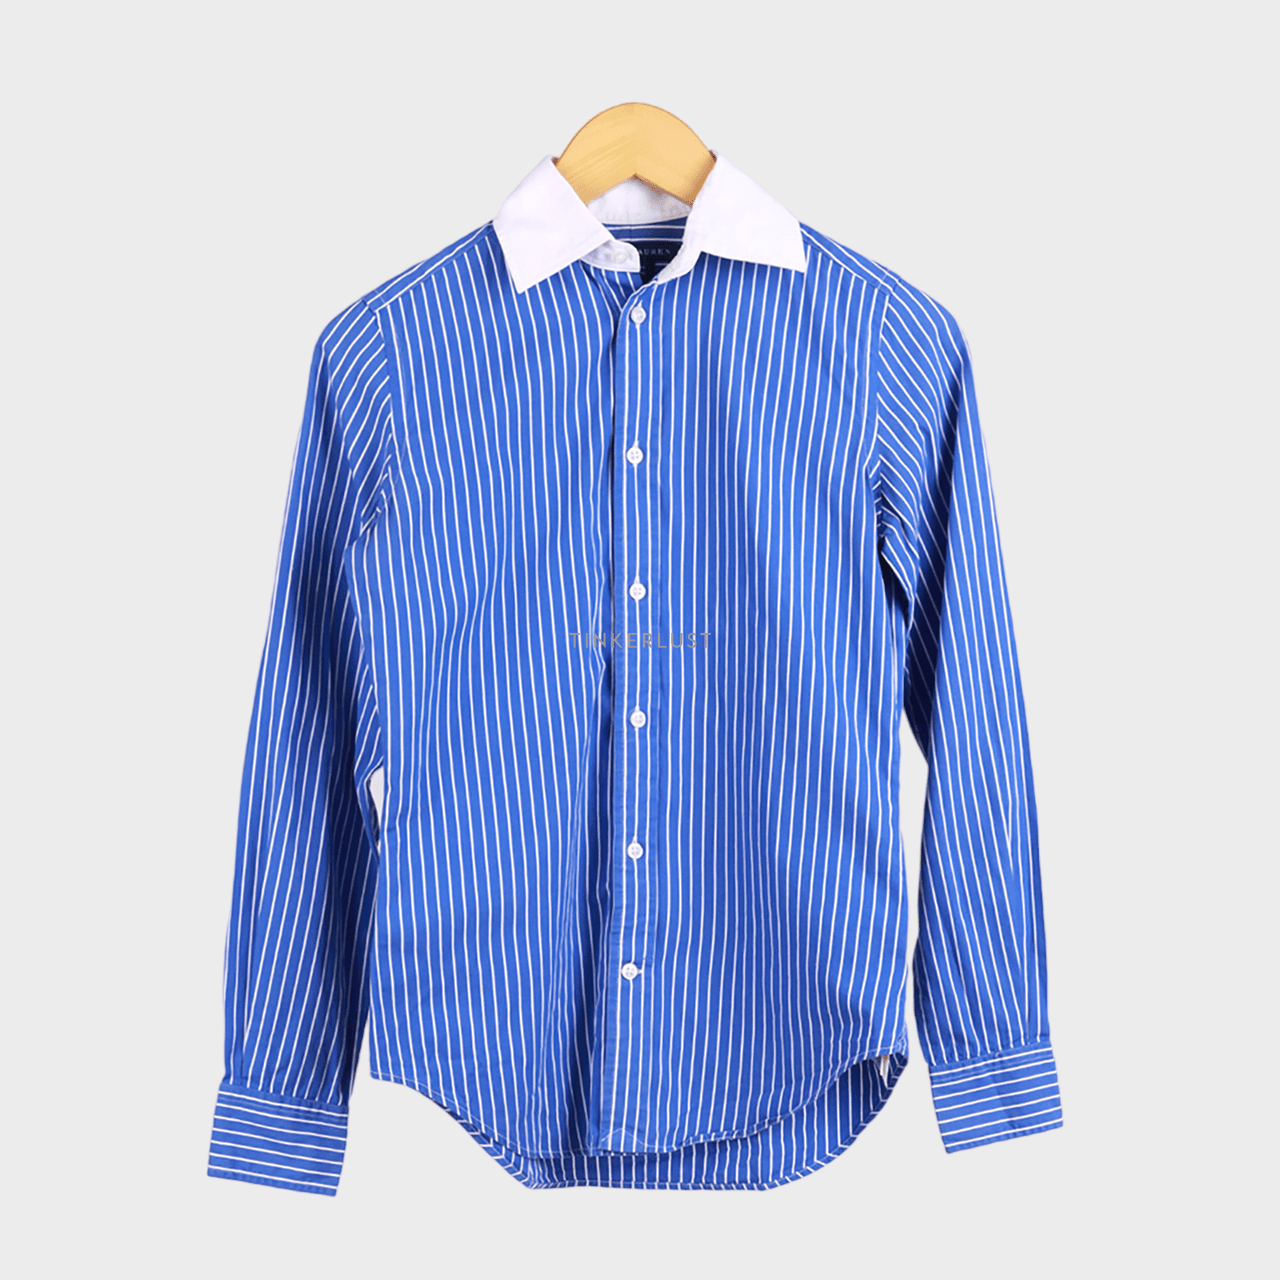 Ralph Lauren Blue & White Stripes Shirt
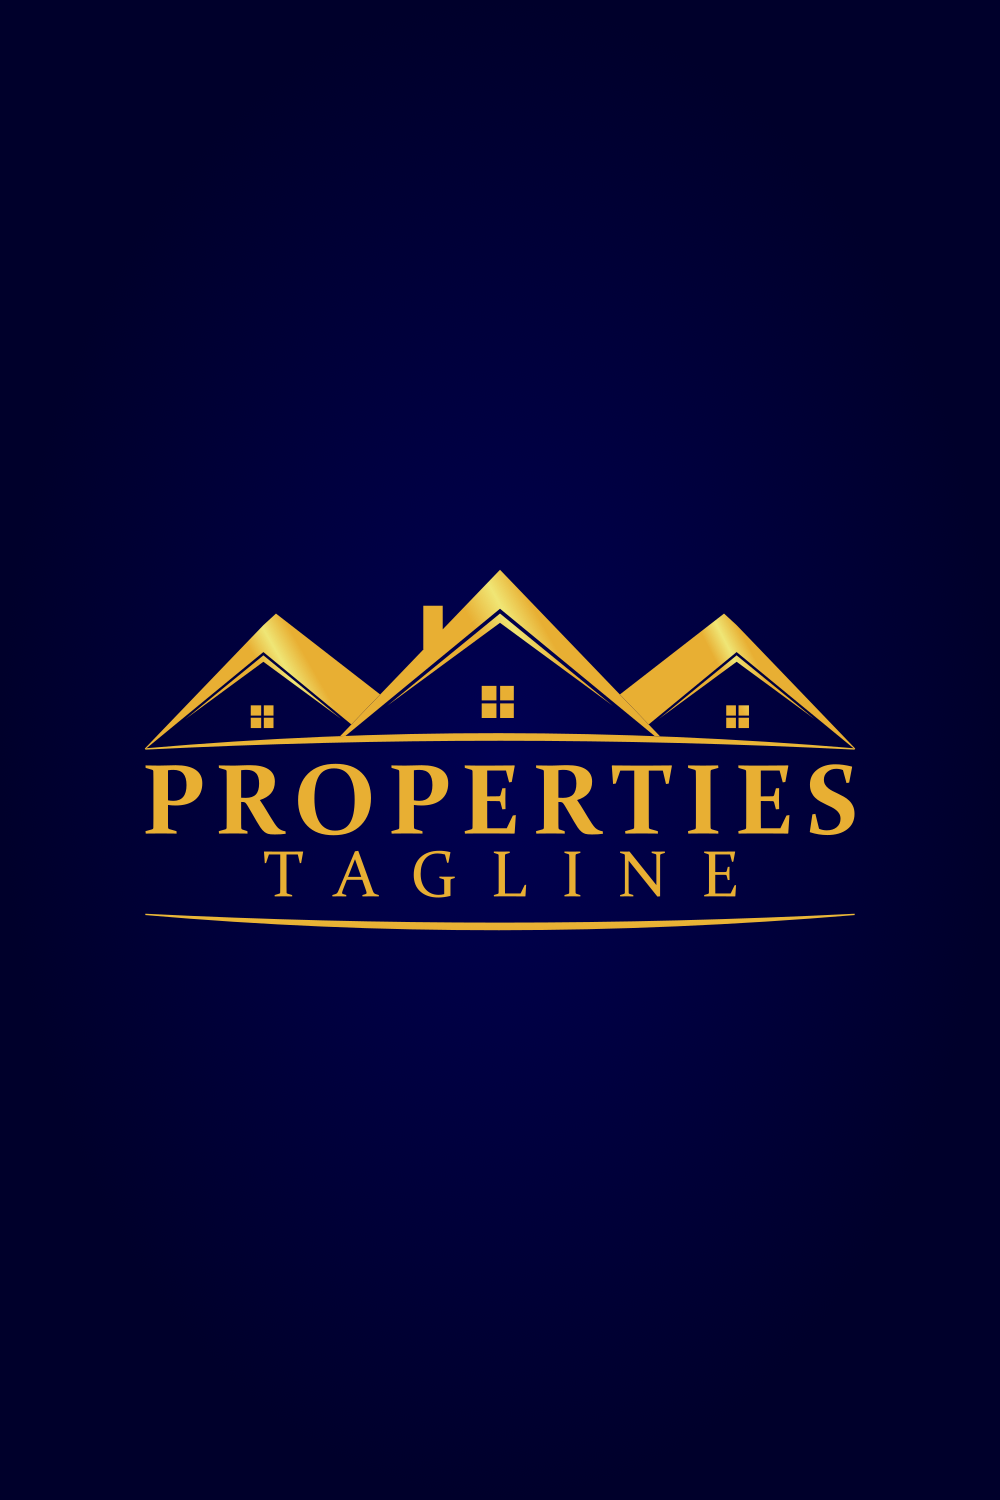 High Rise Properties Logo Design Template pinterest image.
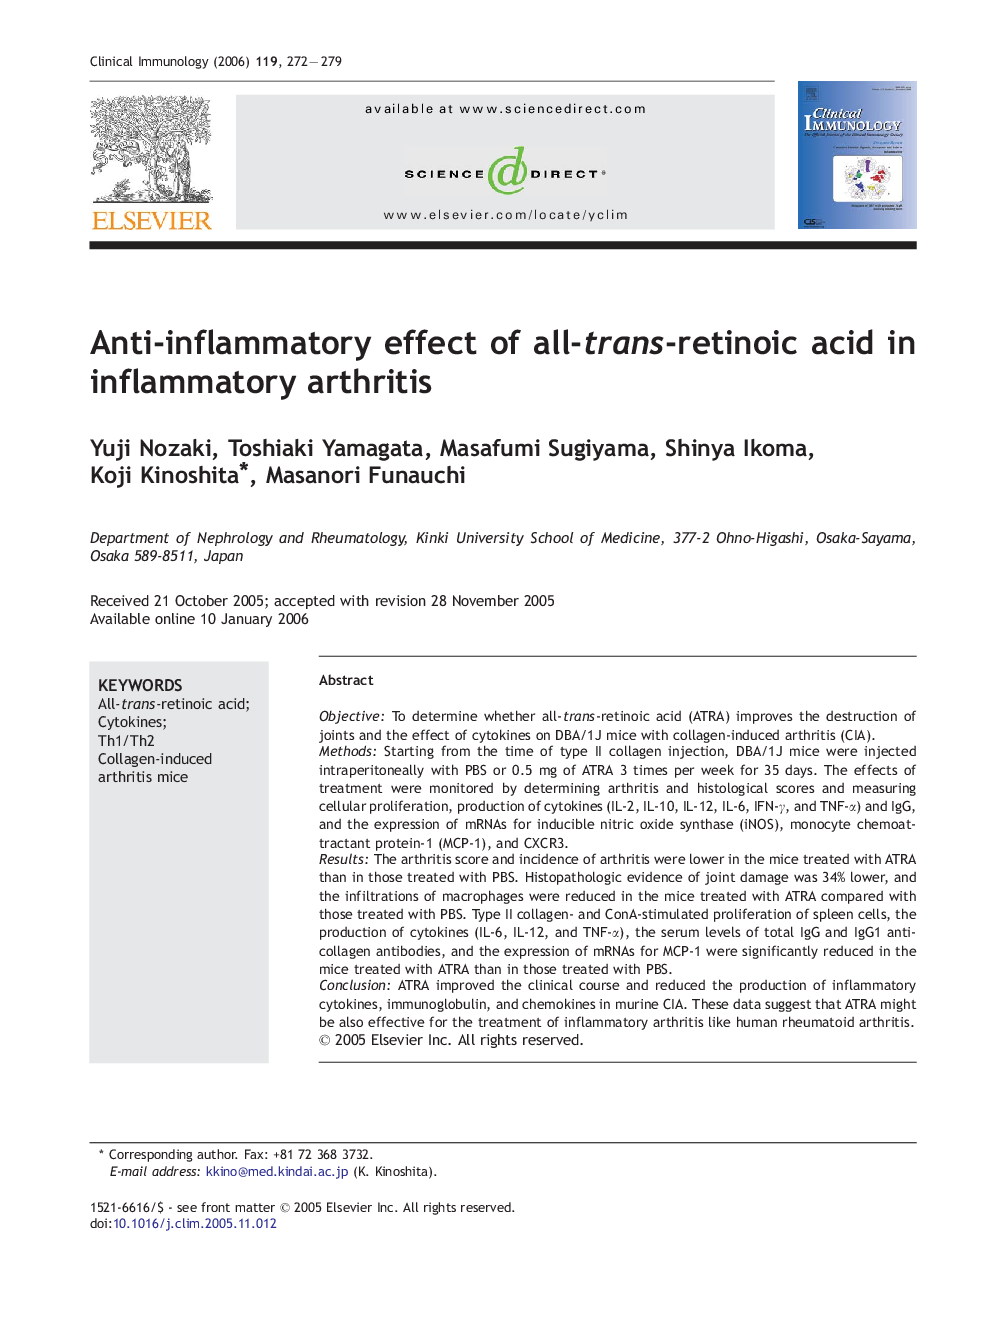 Anti-inflammatory effect of all-trans-retinoic acid in inflammatory arthritis
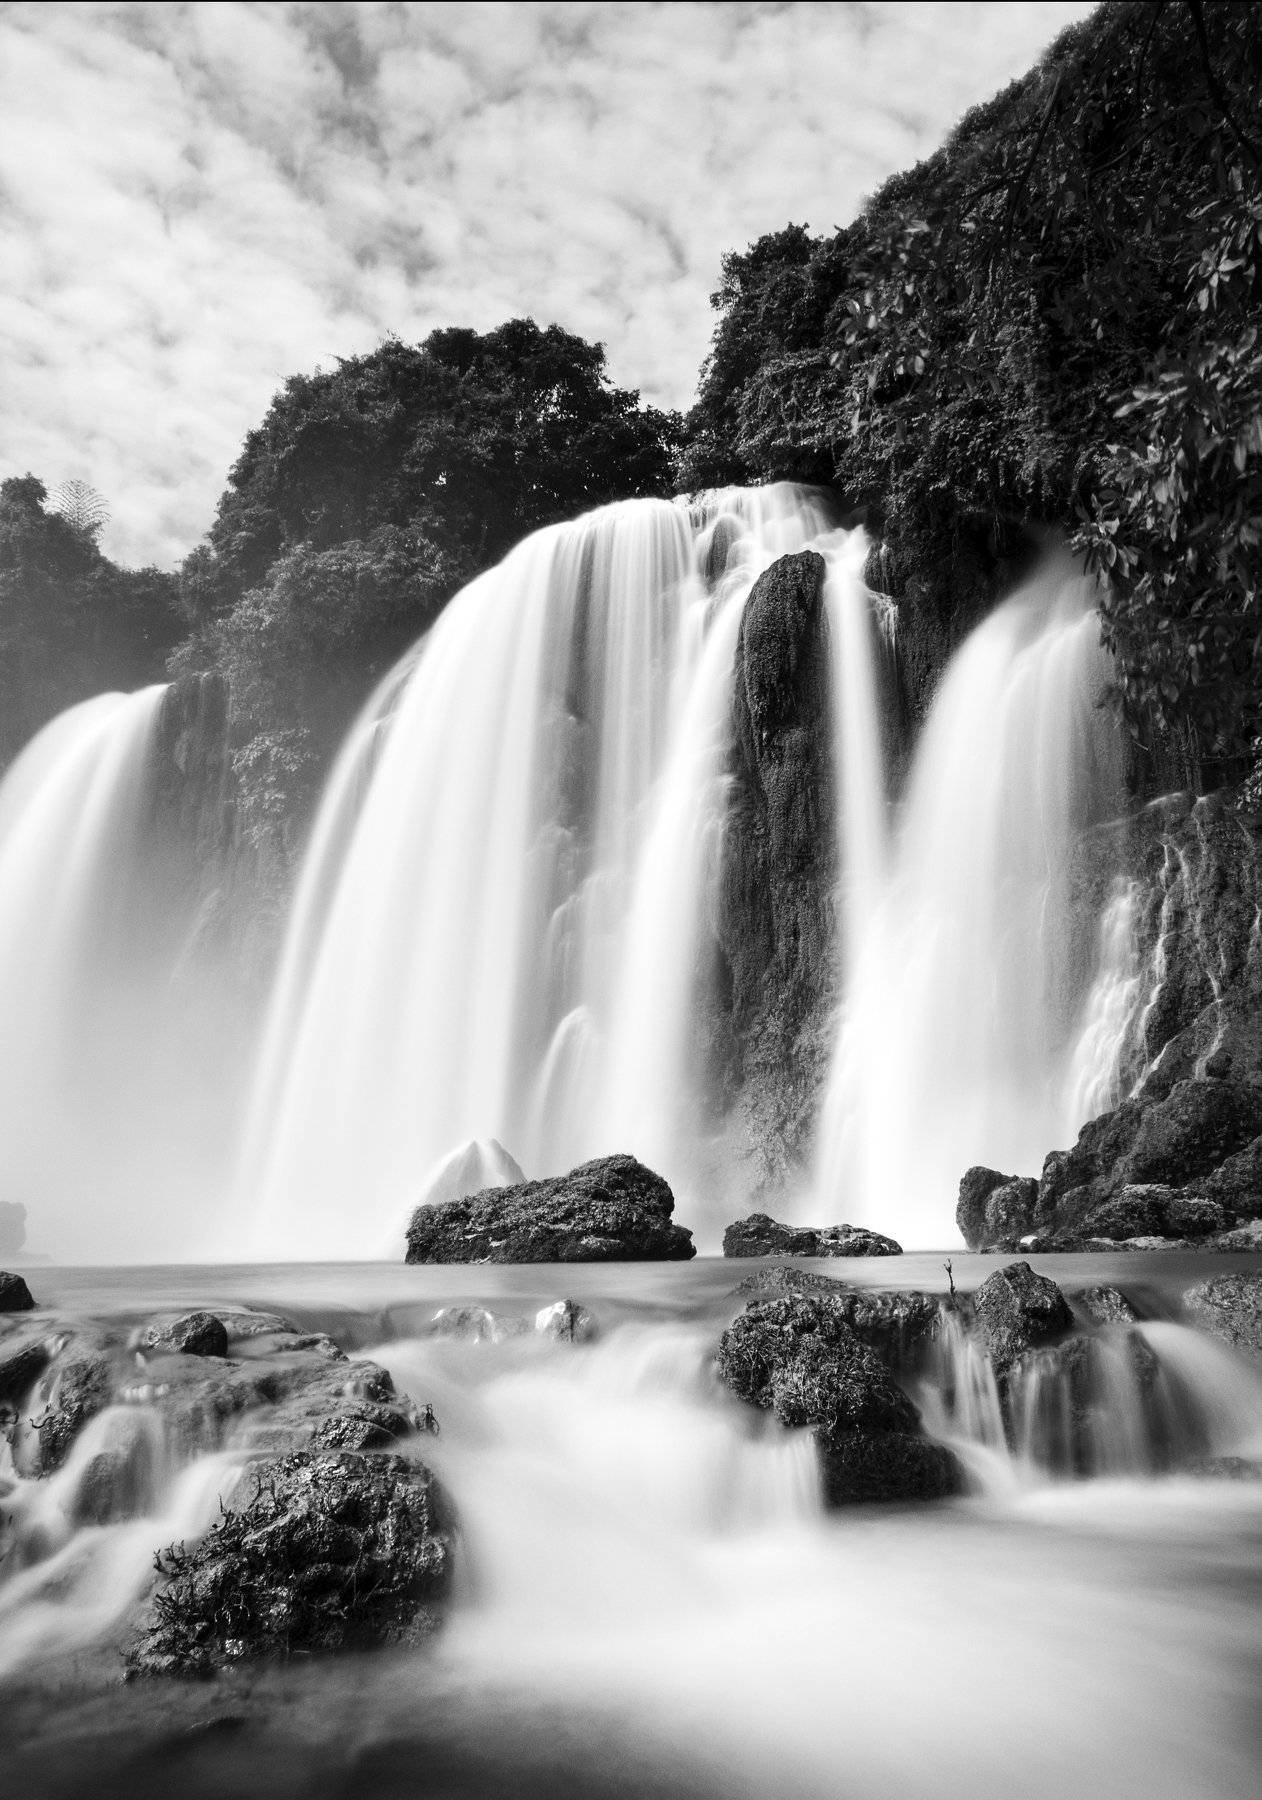 blackandwhite, bangioc, vietnam, landscape, waterfall, fineart, expouse, ngo cuong, ngo cuong photo, Cuong Ngo
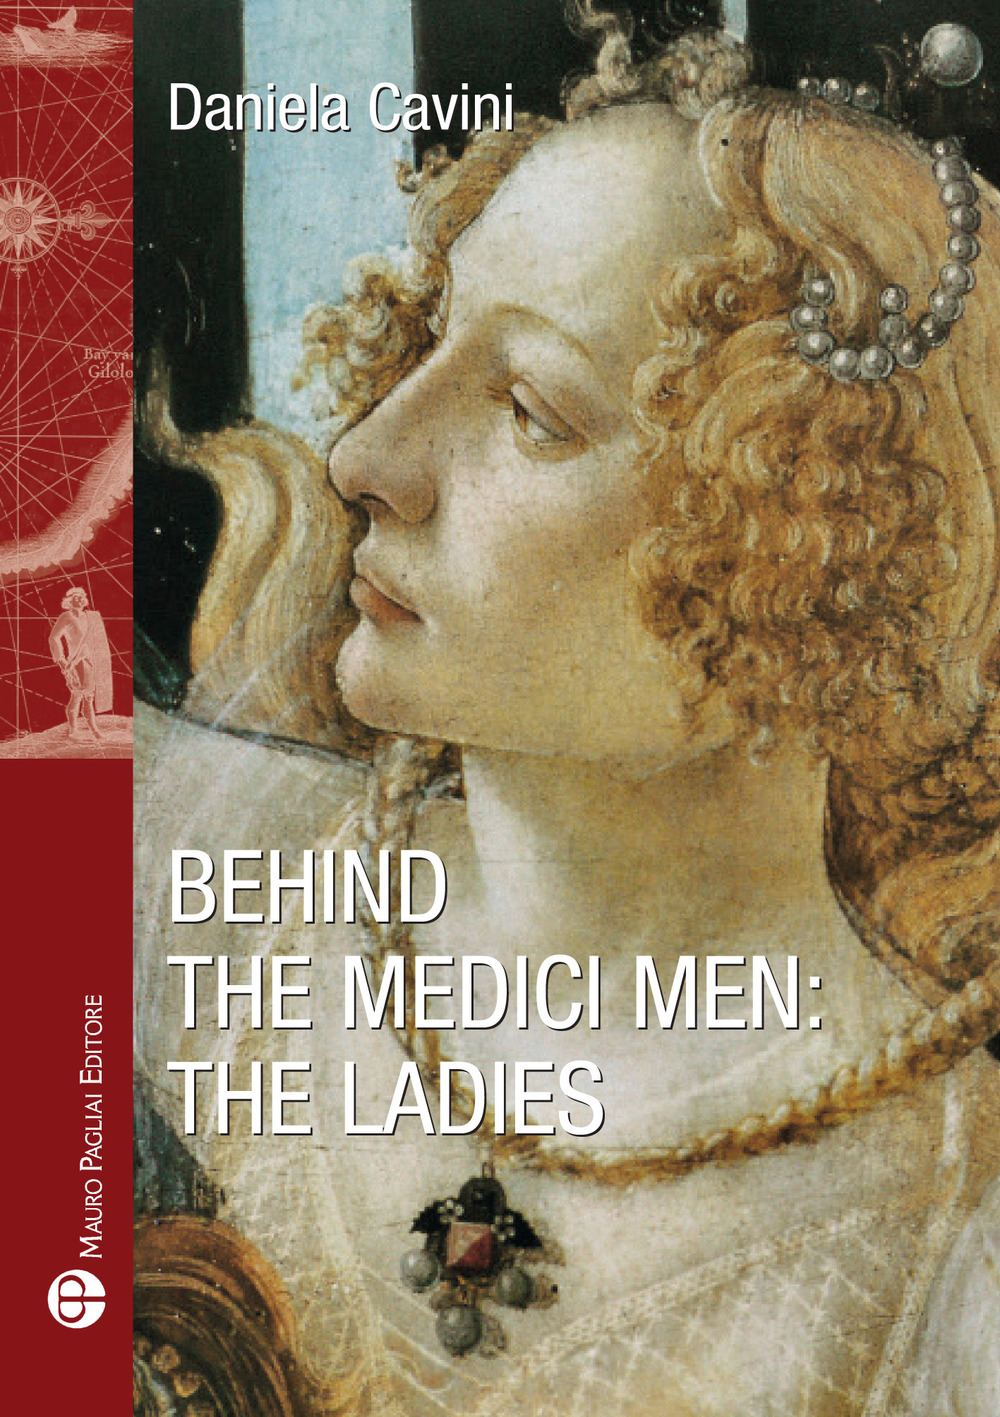 Behind the medici men. The ladies

__Exercise objective__. Where a picture appears in the data, omit it; restate the rest word for word.

__Exercise answer__.
 Ralph Lauren Blue & White Stripes Shirt
 High Rise Properties Logo Design Template pinterest image.
 Anti-inflammatory effect of all-trans-retinoic acid in inflammatory arthritis
 blackandwhite, bangioc, vietnam, landscape, waterfall, fineart, expouse, ngo cuong, ngo cuong photo, Cuong Ngo
 Behind the medici men. The ladies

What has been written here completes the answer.